Víctor Segura

Personal information
- Full name: Víctor Segura Abascal
- Date of birth: 30 March 1973 (age 53)
- Place of birth: Zaragoza, Spain
- Height: 1.83 m (6 ft 0 in)
- Position: Centre-back

Youth career
- Zaragoza

Senior career*
- Years: Team / Apps / (Gls)
- 1990–1993: Zaragoza B / 69 / (2)
- 1993–1994: Palamós / 29 / (0)
- 1994–1995: Logroñés / 20 / (1)
- 1995–1997: Lleida / 13 / (1)
- 1997–1999: Norwich City / 29 / (0)
- 1999–2000: Getafe / 8 / (1)
- Total:  / 168 / (5)

= Víctor Segura =

Spanish footballer

Víctor Segura Abascal (born 30 March 1973) is a Spanish former professional footballer who played as a central defender.

==Club career==
A product of Real Zaragoza's youth ranks, Zaragoza-born Segura made his senior debut in the 1990–91 season with its B team, in the Segunda División B. Released by the Aragonese without making any competitive appearances, his first club as a professional was Palamós CF of Segunda División.

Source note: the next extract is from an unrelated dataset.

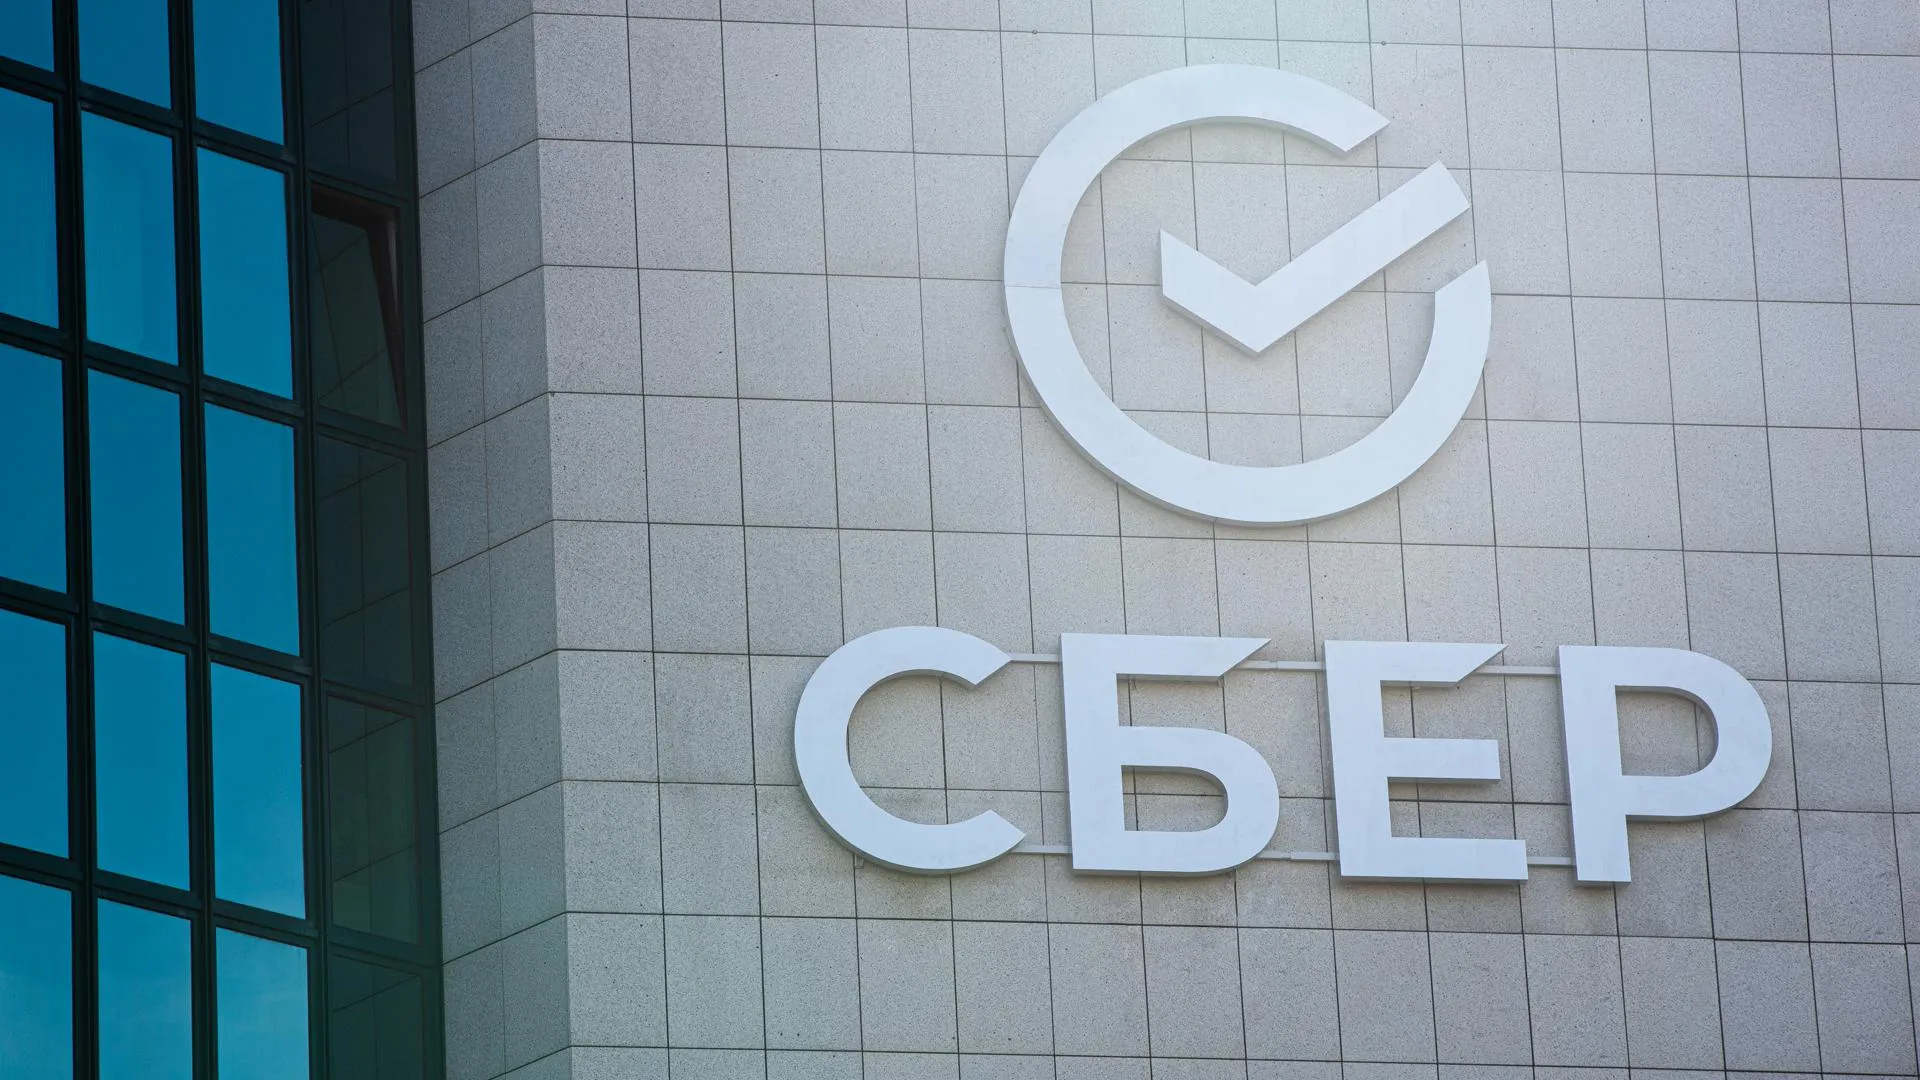 Сбер профинансирует ГК ФСК для строительства жилого комплекса в Новой Москве
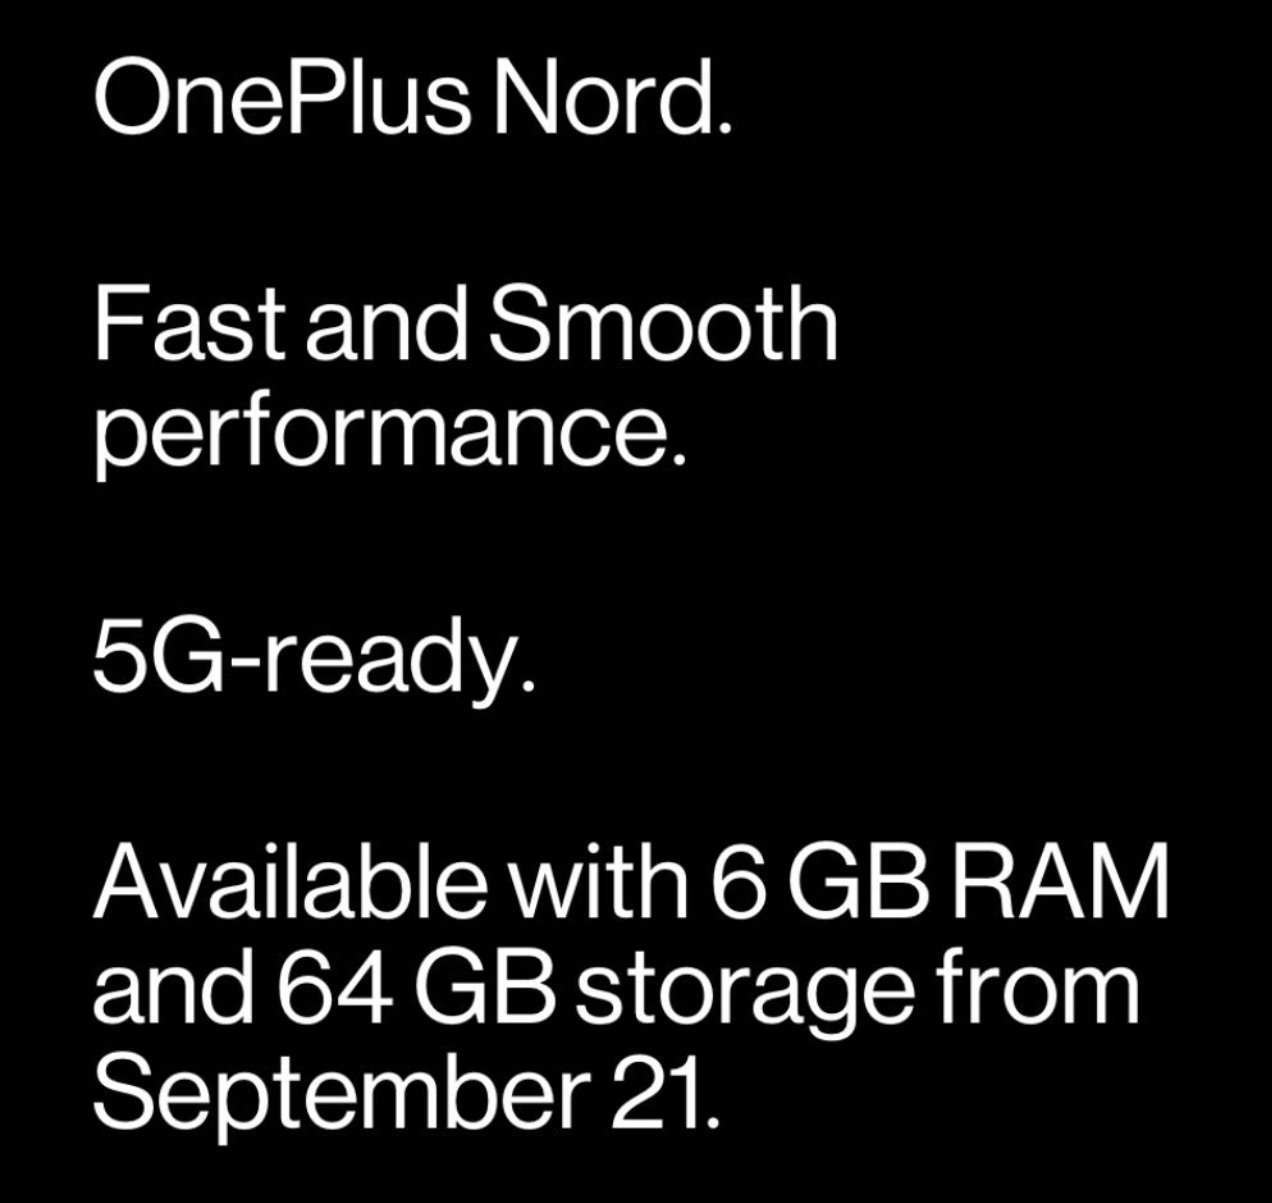 一加 Nord 6GB + 64GB版本将于9月21日在印度发售

After a solid 1993–94, Segura was signed by La Liga side CD Logroñés, appearing regularly but facing relegation in 1995 in what was his sole top-flight campaign – the Riojan team ranked last with an all-time low 13 points, and he scored in a 4–2 home win against CD Tenerife where he was also sent off. He then spent two seasons with UE Lleida also in the second division.

Segura moved to England in 1997 with Norwich City, signed by manager Mike Walker on a Bosman transfer. His spell at Carrow Road was not a successful one, and he was released by Walker's successor Bruce Rioch two years later, having spent his final year majorly with the reserves.

Aged 27, Segura retired at the end of 1999–2000, after just eight second-tier matches with Getafe CF.